Pathophysiology: Little is known about the route and the source of transmission of the virus. VZV is certainly transmissible through the airborne route and does not require close personal contact. The skin lesions are certainly full of infectious virus particles whilst in contrast, it is almost impossible to isolate virus from the upper respiratory tract. It is possible that aerial transmission originates from symptomless oral lesions.
Disease statistics: From 1997 to 2006, a total of 48,388 patients with herpes zoster, ranging from a 3-month-old girl to a 102-year-old woman, were monitored at the 46 dermatology clinics in the Miyazaki Prefecture, which has a population of about 1.2 million. The mean herpes zoster incidence was 4.15/1,000 person-years, ranging from 1.96 to 7.84/1,000 person-years among different age groups, and the herpes zoster incidence was significantly higher in females (4.58) than in males (3.67).
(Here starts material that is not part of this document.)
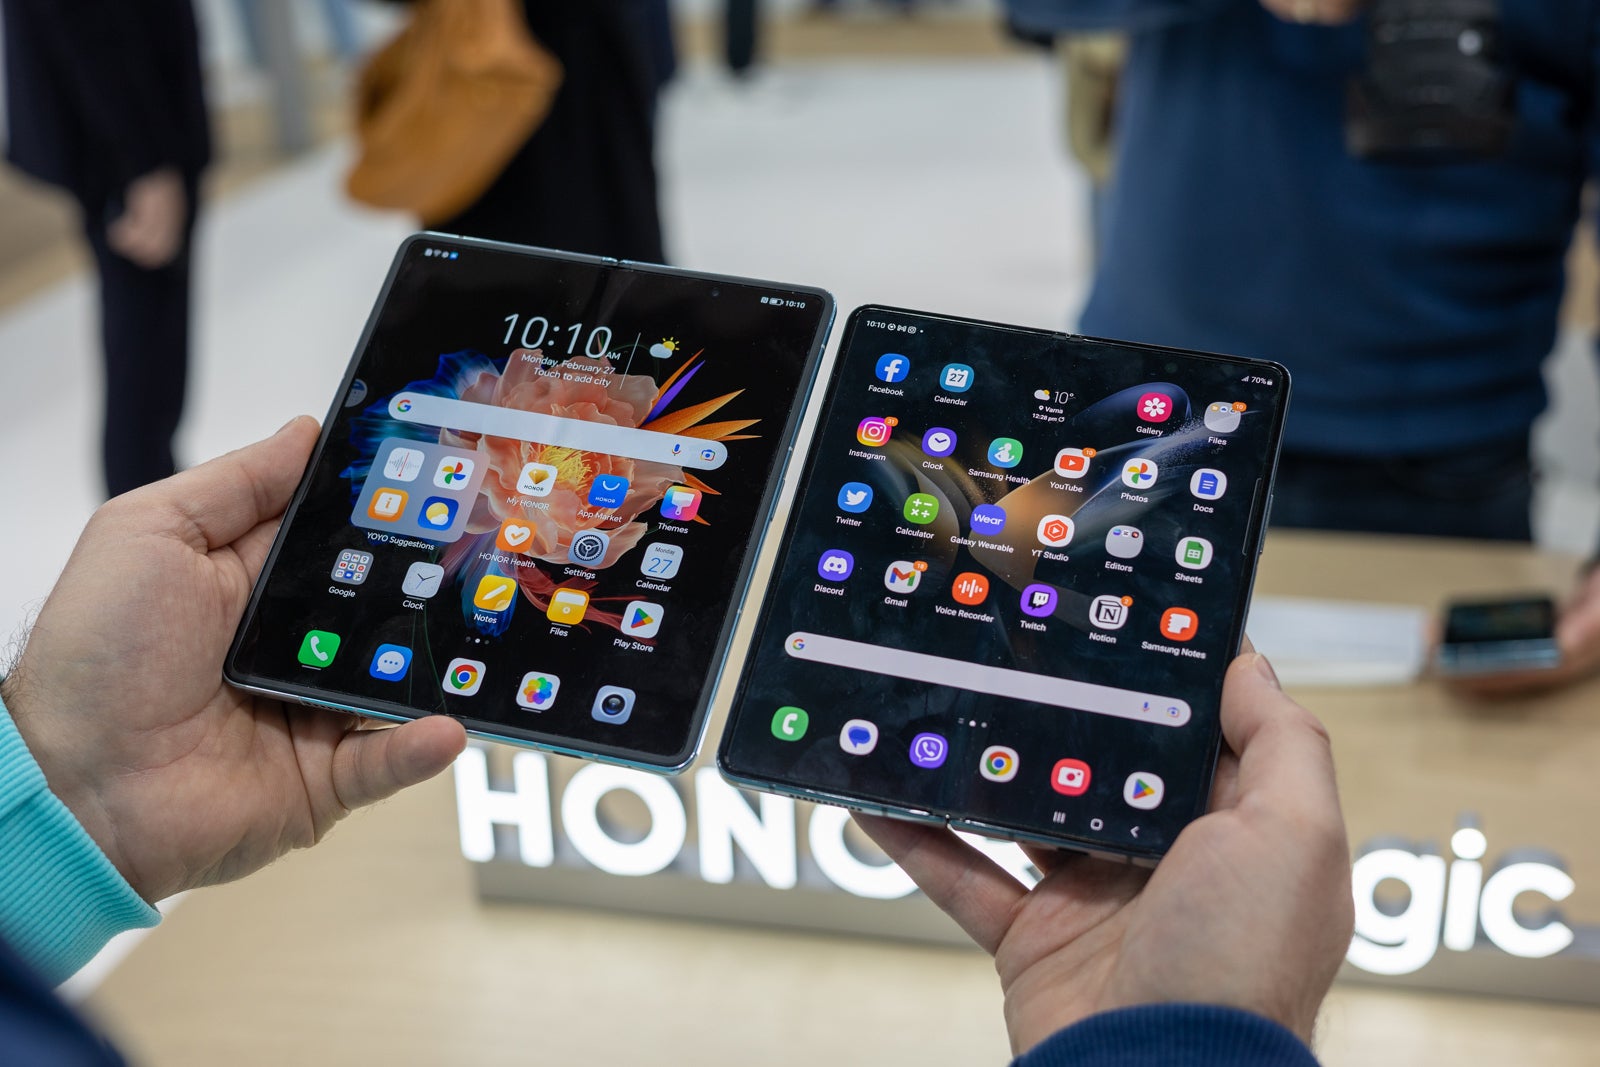 (Image Credit - PhoneArena) - Honor Magic Vs Hands-on Preview: Finally, some good competition to Galaxy Fold 4!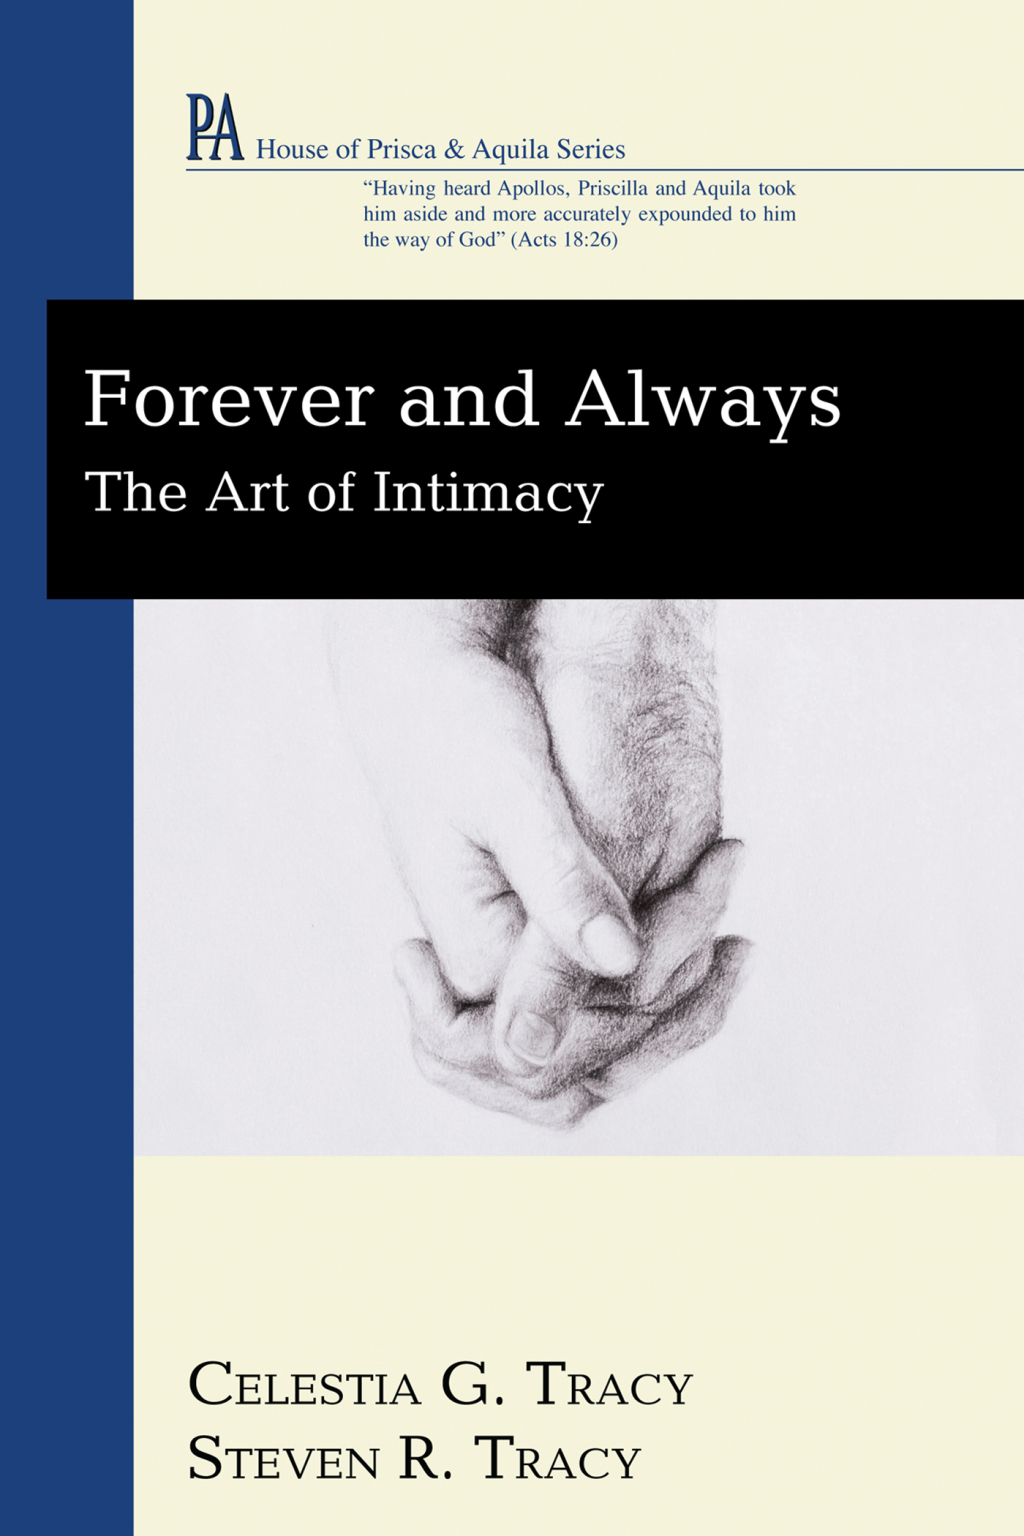 Forever and Always (eBook) - Celestia G. Tracy; Steven R. Tracy,

Treatment: Several studies indicate that antiviral medications decrease the duration of symptoms and the likelihood of postherpetic neuralgia, especially when initiated within 2 days of the onset of rash. In typical cases that involve individuals who are otherwise healthy, oral acyclovir may be prescribed. An important study by Kubeyinje (1997) suggested that the use of acyclovir in healthy young adults with zoster is not clearly justified, especially in situations of limited economic resources.
Research: Epidemiology of herpes zoster and its relationship to varicella in Japan: A 10-year survey of 48,388 herpes zoster cases in Miyazaki prefecture.